## TASK PROMPT
When you retype the listing, keep every word exactly as it appears.

## THE RECORDS
========================

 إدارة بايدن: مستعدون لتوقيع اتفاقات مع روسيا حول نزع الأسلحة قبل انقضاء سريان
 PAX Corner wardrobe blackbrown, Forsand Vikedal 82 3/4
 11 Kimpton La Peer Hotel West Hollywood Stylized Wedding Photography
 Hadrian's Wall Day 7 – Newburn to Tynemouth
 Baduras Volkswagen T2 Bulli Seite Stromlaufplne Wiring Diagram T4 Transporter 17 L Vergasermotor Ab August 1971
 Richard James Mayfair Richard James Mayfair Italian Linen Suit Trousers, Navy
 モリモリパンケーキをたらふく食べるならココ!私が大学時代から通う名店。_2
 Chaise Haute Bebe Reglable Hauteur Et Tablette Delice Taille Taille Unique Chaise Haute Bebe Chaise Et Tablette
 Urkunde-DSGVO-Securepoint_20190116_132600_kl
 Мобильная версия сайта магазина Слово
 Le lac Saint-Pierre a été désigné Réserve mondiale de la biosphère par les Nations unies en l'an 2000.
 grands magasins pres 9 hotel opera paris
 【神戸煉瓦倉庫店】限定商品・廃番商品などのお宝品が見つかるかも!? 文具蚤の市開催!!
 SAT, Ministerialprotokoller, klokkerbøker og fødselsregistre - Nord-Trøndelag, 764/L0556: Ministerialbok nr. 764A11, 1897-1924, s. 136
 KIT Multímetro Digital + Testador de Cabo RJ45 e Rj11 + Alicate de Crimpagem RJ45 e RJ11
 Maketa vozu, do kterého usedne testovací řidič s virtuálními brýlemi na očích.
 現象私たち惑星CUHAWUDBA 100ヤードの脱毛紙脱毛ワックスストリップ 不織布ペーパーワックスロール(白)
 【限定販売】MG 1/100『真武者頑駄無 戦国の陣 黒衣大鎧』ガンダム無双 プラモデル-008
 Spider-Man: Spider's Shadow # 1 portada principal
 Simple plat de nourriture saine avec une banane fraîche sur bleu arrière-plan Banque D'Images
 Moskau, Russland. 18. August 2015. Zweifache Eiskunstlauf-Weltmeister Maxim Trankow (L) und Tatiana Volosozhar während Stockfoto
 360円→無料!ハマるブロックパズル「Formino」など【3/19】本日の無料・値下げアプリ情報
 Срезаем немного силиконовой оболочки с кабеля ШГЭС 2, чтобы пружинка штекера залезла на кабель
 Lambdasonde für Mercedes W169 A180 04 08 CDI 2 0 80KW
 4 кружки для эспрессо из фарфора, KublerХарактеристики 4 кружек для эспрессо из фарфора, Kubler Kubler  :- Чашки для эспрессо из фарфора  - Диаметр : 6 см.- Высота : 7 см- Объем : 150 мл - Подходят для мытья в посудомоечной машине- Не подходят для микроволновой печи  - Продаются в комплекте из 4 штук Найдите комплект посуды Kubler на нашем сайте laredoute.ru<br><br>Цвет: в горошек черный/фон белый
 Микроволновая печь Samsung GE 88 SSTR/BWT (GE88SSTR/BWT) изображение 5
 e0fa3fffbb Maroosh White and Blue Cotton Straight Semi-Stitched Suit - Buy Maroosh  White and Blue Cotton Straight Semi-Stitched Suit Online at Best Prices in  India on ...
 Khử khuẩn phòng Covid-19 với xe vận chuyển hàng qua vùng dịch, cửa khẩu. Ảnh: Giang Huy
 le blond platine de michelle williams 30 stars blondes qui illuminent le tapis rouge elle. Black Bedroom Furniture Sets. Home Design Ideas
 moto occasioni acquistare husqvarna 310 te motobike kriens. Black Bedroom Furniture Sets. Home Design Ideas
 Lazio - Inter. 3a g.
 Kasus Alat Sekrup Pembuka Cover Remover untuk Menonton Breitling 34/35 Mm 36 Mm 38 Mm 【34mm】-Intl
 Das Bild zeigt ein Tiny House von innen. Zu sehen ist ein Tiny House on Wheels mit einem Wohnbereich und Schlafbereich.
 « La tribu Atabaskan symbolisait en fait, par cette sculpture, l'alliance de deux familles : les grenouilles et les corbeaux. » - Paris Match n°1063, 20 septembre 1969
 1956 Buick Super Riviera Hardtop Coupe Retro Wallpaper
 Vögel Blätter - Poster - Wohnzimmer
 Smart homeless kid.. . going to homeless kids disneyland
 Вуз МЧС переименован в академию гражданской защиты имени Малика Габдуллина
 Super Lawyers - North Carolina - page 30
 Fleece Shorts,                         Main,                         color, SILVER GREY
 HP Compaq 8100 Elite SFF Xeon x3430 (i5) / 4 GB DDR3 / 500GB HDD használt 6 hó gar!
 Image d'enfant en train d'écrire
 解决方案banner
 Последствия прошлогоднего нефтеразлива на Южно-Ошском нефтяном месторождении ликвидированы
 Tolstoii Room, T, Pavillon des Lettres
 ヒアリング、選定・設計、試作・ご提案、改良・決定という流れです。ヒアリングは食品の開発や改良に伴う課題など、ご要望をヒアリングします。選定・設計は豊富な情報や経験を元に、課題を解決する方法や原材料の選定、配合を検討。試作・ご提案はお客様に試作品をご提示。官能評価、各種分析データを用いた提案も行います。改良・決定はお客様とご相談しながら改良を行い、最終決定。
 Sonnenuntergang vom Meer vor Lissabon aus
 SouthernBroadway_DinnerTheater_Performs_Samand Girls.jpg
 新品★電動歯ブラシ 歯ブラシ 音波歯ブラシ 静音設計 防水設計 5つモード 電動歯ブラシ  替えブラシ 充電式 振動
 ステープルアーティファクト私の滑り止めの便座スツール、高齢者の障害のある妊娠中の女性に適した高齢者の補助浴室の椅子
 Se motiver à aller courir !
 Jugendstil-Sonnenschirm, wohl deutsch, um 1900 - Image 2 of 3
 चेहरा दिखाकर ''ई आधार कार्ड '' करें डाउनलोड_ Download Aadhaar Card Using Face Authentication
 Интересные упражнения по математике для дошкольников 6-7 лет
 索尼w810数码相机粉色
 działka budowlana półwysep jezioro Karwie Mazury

========================

## ANSWER SECTION
 إدارة بايدن: مستعدون لتوقيع اتفاقات مع روسيا حول نزع الأسلحة قبل انقضاء سريان
 PAX Corner wardrobe blackbrown, Forsand Vikedal 82 3/4
 11 Kimpton La Peer Hotel West Hollywood Stylized Wedding Photography
 Hadrian's Wall Day 7 – Newburn to Tynemouth
 Baduras Volkswagen T2 Bulli Seite Stromlaufplne Wiring Diagram T4 Transporter 17 L Vergasermotor Ab August 1971
 Richard James Mayfair Richard James Mayfair Italian Linen Suit Trousers, Navy
 モリモリパンケーキをたらふく食べるならココ!私が大学時代から通う名店。_2
 Chaise Haute Bebe Reglable Hauteur Et Tablette Delice Taille Taille Unique Chaise Haute Bebe Chaise Et Tablette
 Urkunde-DSGVO-Securepoint_20190116_132600_kl
 Мобильная версия сайта магазина Слово
 Le lac Saint-Pierre a été désigné Réserve mondiale de la biosphère par les Nations unies en l'an 2000.
 grands magasins pres 9 hotel opera paris
 【神戸煉瓦倉庫店】限定商品・廃番商品などのお宝品が見つかるかも!? 文具蚤の市開催!!
 SAT, Ministerialprotokoller, klokkerbøker og fødselsregistre - Nord-Trøndelag, 764/L0556: Ministerialbok nr. 764A11, 1897-1924, s. 136
 KIT Multímetro Digital + Testador de Cabo RJ45 e Rj11 + Alicate de Crimpagem RJ45 e RJ11
 Maketa vozu, do kterého usedne testovací řidič s virtuálními brýlemi na očích.
 現象私たち惑星CUHAWUDBA 100ヤードの脱毛紙脱毛ワックスストリップ 不織布ペーパーワックスロール(白)
 【限定販売】MG 1/100『真武者頑駄無 戦国の陣 黒衣大鎧』ガンダム無双 プラモデル-008
 Spider-Man: Spider's Shadow # 1 portada principal
 Simple plat de nourriture saine avec une banane fraîche sur bleu arrière-plan Banque D'Images
 Moskau, Russland. 18. August 2015. Zweifache Eiskunstlauf-Weltmeister Maxim Trankow (L) und Tatiana Volosozhar während Stockfoto
 360円→無料!ハマるブロックパズル「Formino」など【3/19】本日の無料・値下げアプリ情報
 Срезаем немного силиконовой оболочки с кабеля ШГЭС 2, чтобы пружинка штекера залезла на кабель
 Lambdasonde für Mercedes W169 A180 04 08 CDI 2 0 80KW
 4 кружки для эспрессо из фарфора, KublerХарактеристики 4 кружек для эспрессо из фарфора, Kubler Kubler  :- Чашки для эспрессо из фарфора  - Диаметр : 6 см.- Высота : 7 см- Объем : 150 мл - Подходят для мытья в посудомоечной машине- Не подходят для микроволновой печи  - Продаются в комплекте из 4 штук Найдите комплект посуды Kubler на нашем сайте laredoute.ru<br><br>Цвет: в горошек черный/фон белый
 Микроволновая печь Samsung GE 88 SSTR/BWT (GE88SSTR/BWT) изображение 5
 e0fa3fffbb Maroosh White and Blue Cotton Straight Semi-Stitched Suit - Buy Maroosh  White and Blue Cotton Straight Semi-Stitched Suit Online at Best Prices in  India on ...
 Khử khuẩn phòng Covid-19 với xe vận chuyển hàng qua vùng dịch, cửa khẩu. Ảnh: Giang Huy
 le blond platine de michelle williams 30 stars blondes qui illuminent le tapis rouge elle. Black Bedroom Furniture Sets. Home Design Ideas
 moto occasioni acquistare husqvarna 310 te motobike kriens. Black Bedroom Furniture Sets. Home Design Ideas
 Lazio - Inter. 3a g.
 Kasus Alat Sekrup Pembuka Cover Remover untuk Menonton Breitling 34/35 Mm 36 Mm 38 Mm 【34mm】-Intl
 Das Bild zeigt ein Tiny House von innen. Zu sehen ist ein Tiny House on Wheels mit einem Wohnbereich und Schlafbereich.
 « La tribu Atabaskan symbolisait en fait, par cette sculpture, l'alliance de deux familles : les grenouilles et les corbeaux. » - Paris Match n°1063, 20 septembre 1969
 1956 Buick Super Riviera Hardtop Coupe Retro Wallpaper
 Vögel Blätter - Poster - Wohnzimmer
 Smart homeless kid.. . going to homeless kids disneyland
 Вуз МЧС переименован в академию гражданской защиты имени Малика Габдуллина
 Super Lawyers - North Carolina - page 30
 Fleece Shorts,                         Main,                         color, SILVER GREY
 HP Compaq 8100 Elite SFF Xeon x3430 (i5) / 4 GB DDR3 / 500GB HDD használt 6 hó gar!
 Image d'enfant en train d'écrire
 解决方案banner
 Последствия прошлогоднего нефтеразлива на Южно-Ошском нефтяном месторождении ликвидированы
 Tolstoii Room, T, Pavillon des Lettres
 ヒアリング、選定・設計、試作・ご提案、改良・決定という流れです。ヒアリングは食品の開発や改良に伴う課題など、ご要望をヒアリングします。選定・設計は豊富な情報や経験を元に、課題を解決する方法や原材料の選定、配合を検討。試作・ご提案はお客様に試作品をご提示。官能評価、各種分析データを用いた提案も行います。改良・決定はお客様とご相談しながら改良を行い、最終決定。
 Sonnenuntergang vom Meer vor Lissabon aus
 SouthernBroadway_DinnerTheater_Performs_Samand Girls.jpg
 新品★電動歯ブラシ 歯ブラシ 音波歯ブラシ 静音設計 防水設計 5つモード 電動歯ブラシ  替えブラシ 充電式 振動
 ステープルアーティファクト私の滑り止めの便座スツール、高齢者の障害のある妊娠中の女性に適した高齢者の補助浴室の椅子
 Se motiver à aller courir !
 Jugendstil-Sonnenschirm, wohl deutsch, um 1900 - Image 2 of 3
 चेहरा दिखाकर ''ई आधार कार्ड '' करें डाउनलोड_ Download Aadhaar Card Using Face Authentication
 Интересные упражнения по математике для дошкольников 6-7 лет
 索尼w810数码相机粉色
 działka budowlana półwysep jezioro Karwie Mazury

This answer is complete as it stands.